Note: Assume that architectures are the same(trying on x86_64)
Thanks...


----------



## Alain De Vos (Dec 19, 2021)

some info,








						Other - FreeBSD AMD64 ABI
					

Hello, background: I'm Assembly programmer for both Intel's x86 and AMD64 architectures, been programming for these architecture for more than 10 years in non-UNIX-like operating systems; to be more precise: Windows NT based operating systems.  I was able to find the numeric kernel services...




					forums.freebsd.org


----------



## drhowarddrfine (Dec 19, 2021)

You don't compile binaries but we know what you meant. It isn't hard or impossible in every situation to compile C code to FreeBSD. Especially any helloworld.c code. The problems come up with ABI compatibility and targeted code.


----------



## shkhln (Dec 19, 2021)

C ABI is the same, everything about ELF objects is exactly the same, syscall conventions are different I believe.



fbsd_ said:


> No, I'm not talking about Linux binary compatibility. I want to do something different. I know FreeBSD and Linux are two different OSes, and it's very hard or maybe impossible to do something like that, but all fine... I will find a way.
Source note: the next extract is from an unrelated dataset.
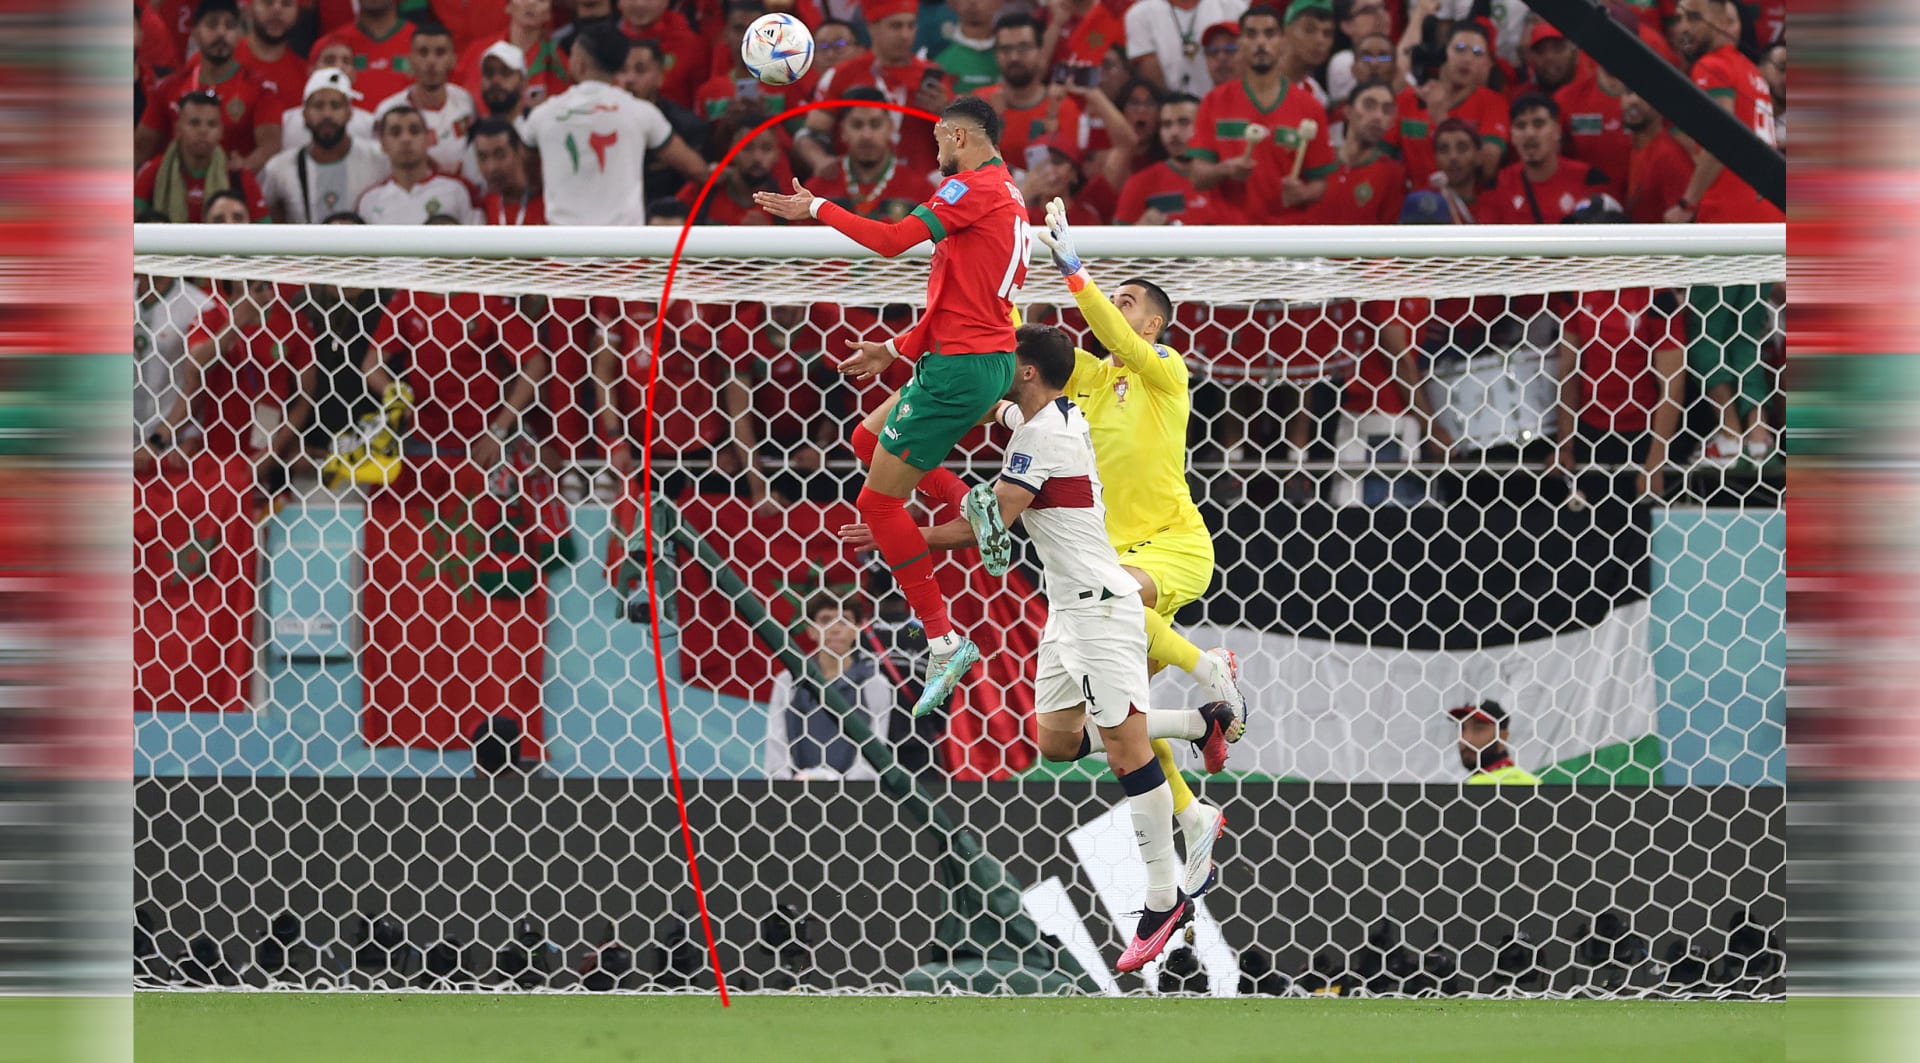 Comparar la longitud del salto del Nusairi marroquí con el salto de Ronaldo plantea una interacción 
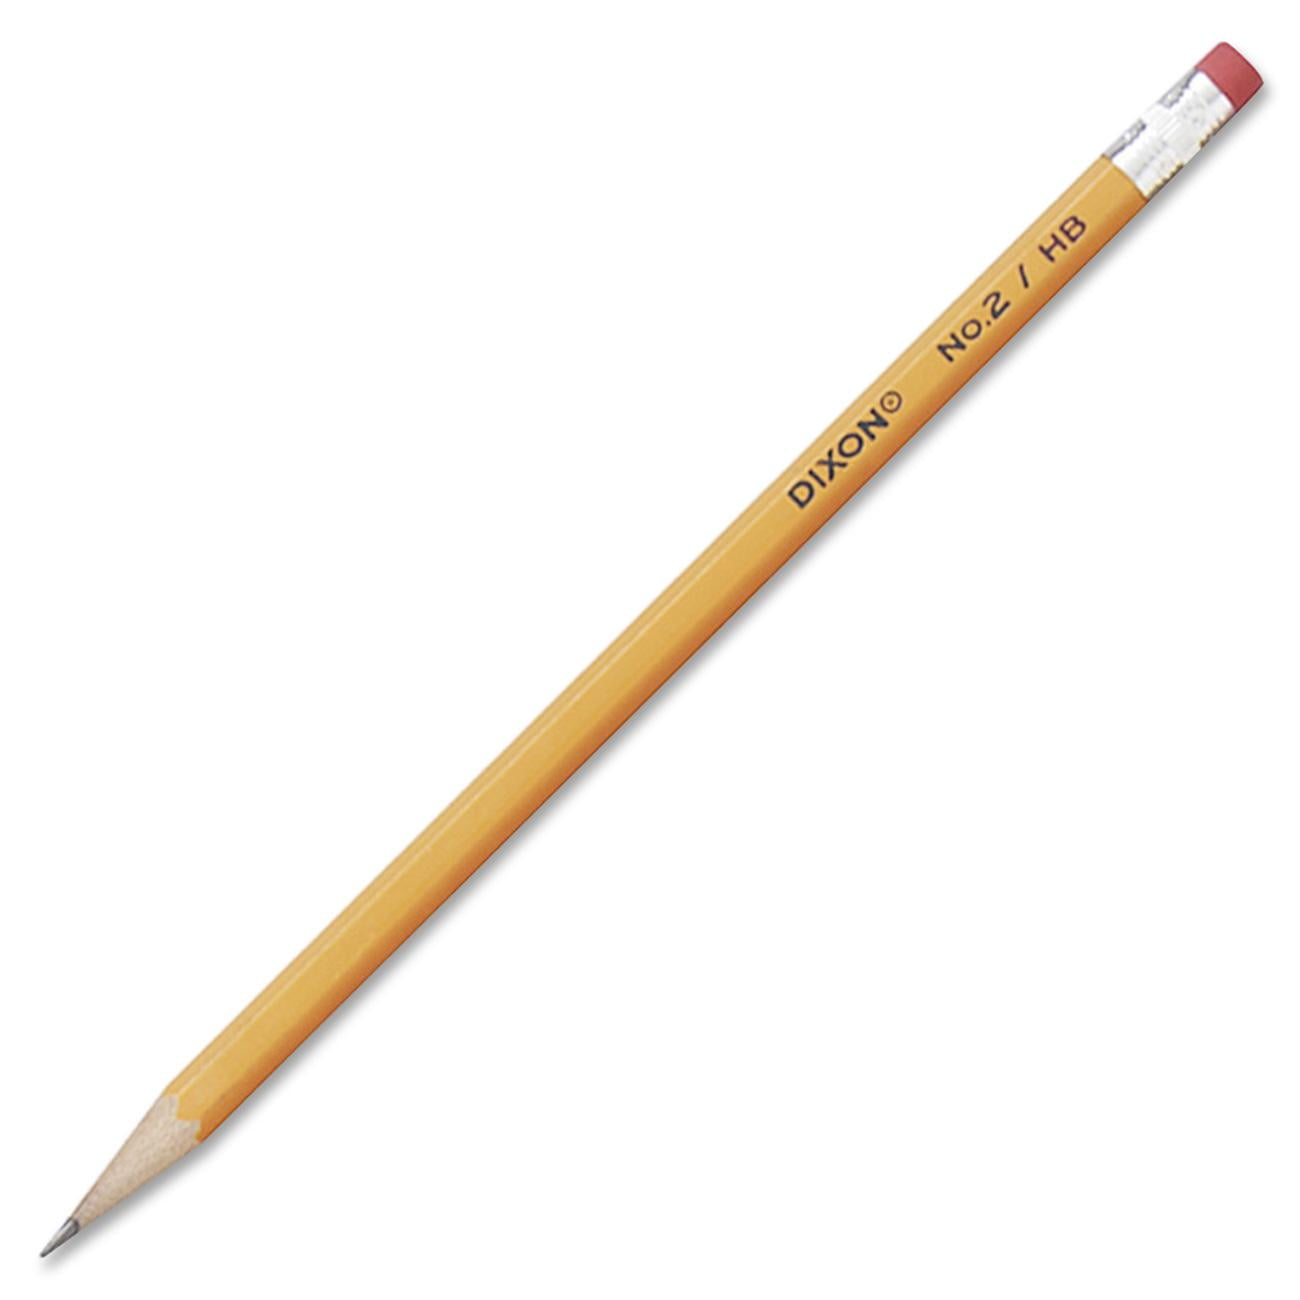 Pencil2d. Five Yellow Pencils. Go pencil

I'm getting teenage angst vibes from this 



fbsd_ said:


> By the way, I just recompiled one of the hello world software written in c to FBSD.


You did?


----------



## Alain De Vos (Dec 19, 2021)

I found this very old link,


			iBCS Emulation for Linux


----------



## fbsd_ (Dec 19, 2021)

shkhln said:


> C ABI is the same, everything about ELF objects is exactly the same, syscall conventions are different I believe.
> 
> 
> I'm getting teenage angst vibes from this
> ...


Hahah. It's hard to hide the angry teenager inside me. Don't mind it.


----------